Effects of arsenic implantation and rapid thermal annealing on ZnO nanorods for p-type doping

Abstract

Ion implantation is a useful method of fabricating p-type zinc oxide (ZnO) nanorods; however, it typically causes structural defects in the substrate material. Rapid thermal annealing (RTA) is a well-known annealing process in the semiconductor industry used to restore lattice defects, and it has the advantage of a fast processing time. Herein, we report on the effects of arsenic (As) implantation and RTA on ZnO nanorods for p-type doping. As+ ions were implanted using a mid-current ion implanter.
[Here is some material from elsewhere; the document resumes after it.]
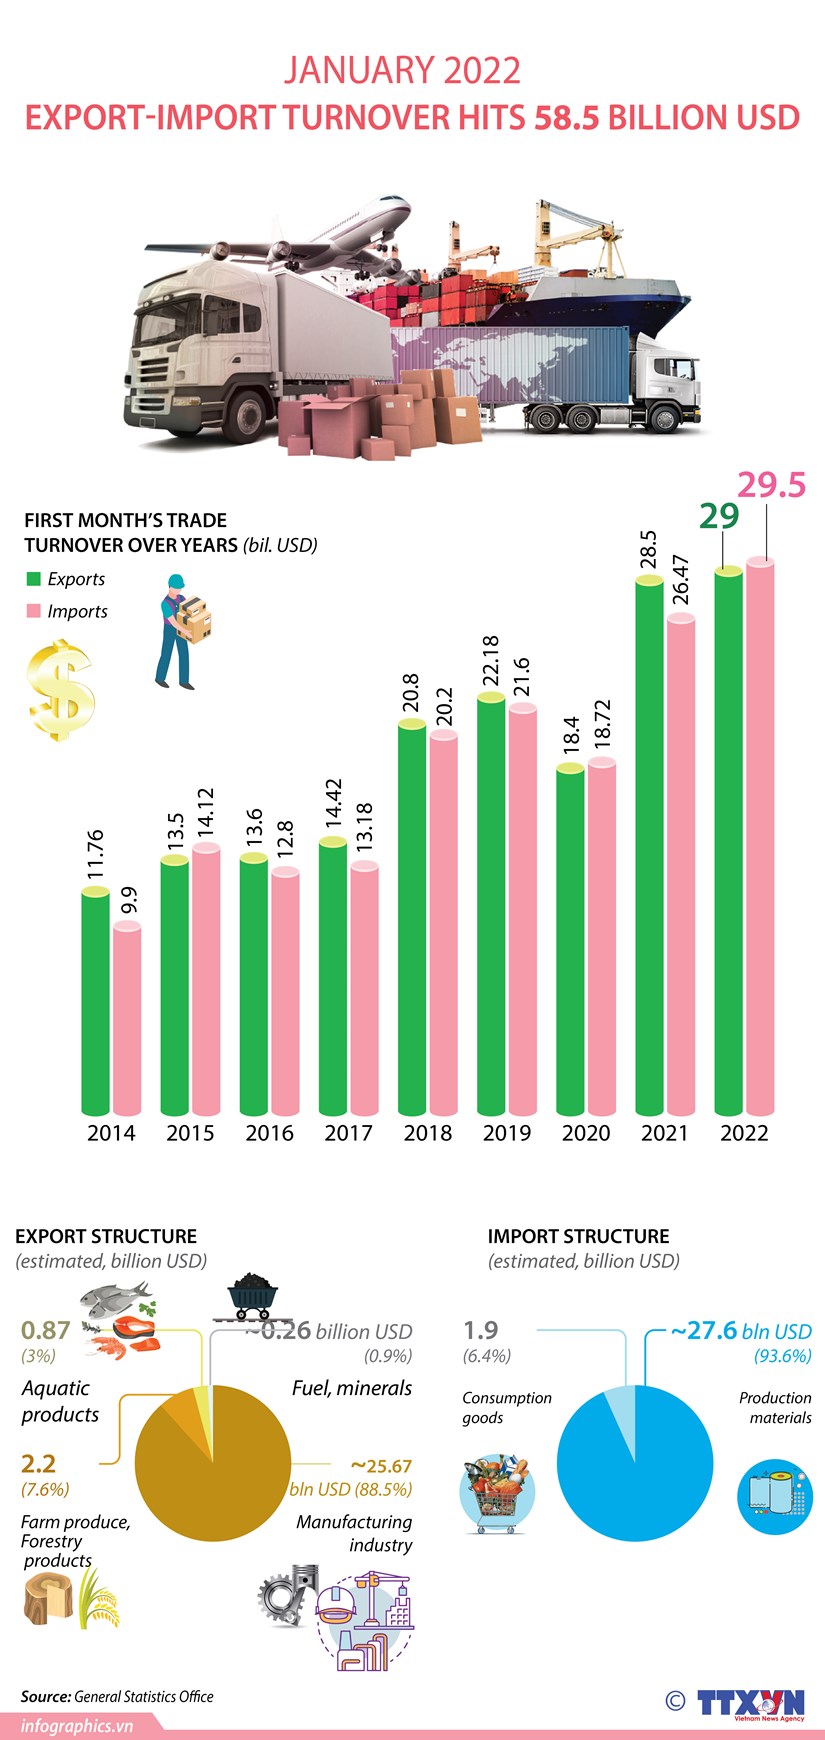 Export-import turnover hits 58.5 billion USD hinh anh 1

A long-duration RTA of over 10 min that was used to activate the implanted As+ ions and recover the destroyed ZnO lattice changed the morphology of the As+-ion-implanted regions. The structural recovery after RTA at over 750 °C for 1 min was significant. In the low-temperature photoluminescence spectra, a new acceptor-bound exciton emission (A°X) peak associated with the As acceptor was observed. When RTA was conducted at 950 °C, p-type behavior of the As-doped ZnO nanorods could be observed, and the hole concentration was determined to be 6.311 × 1016 cm−3. This result indicates that the implanted As+ ions were activated as p-type dopants for 1 min.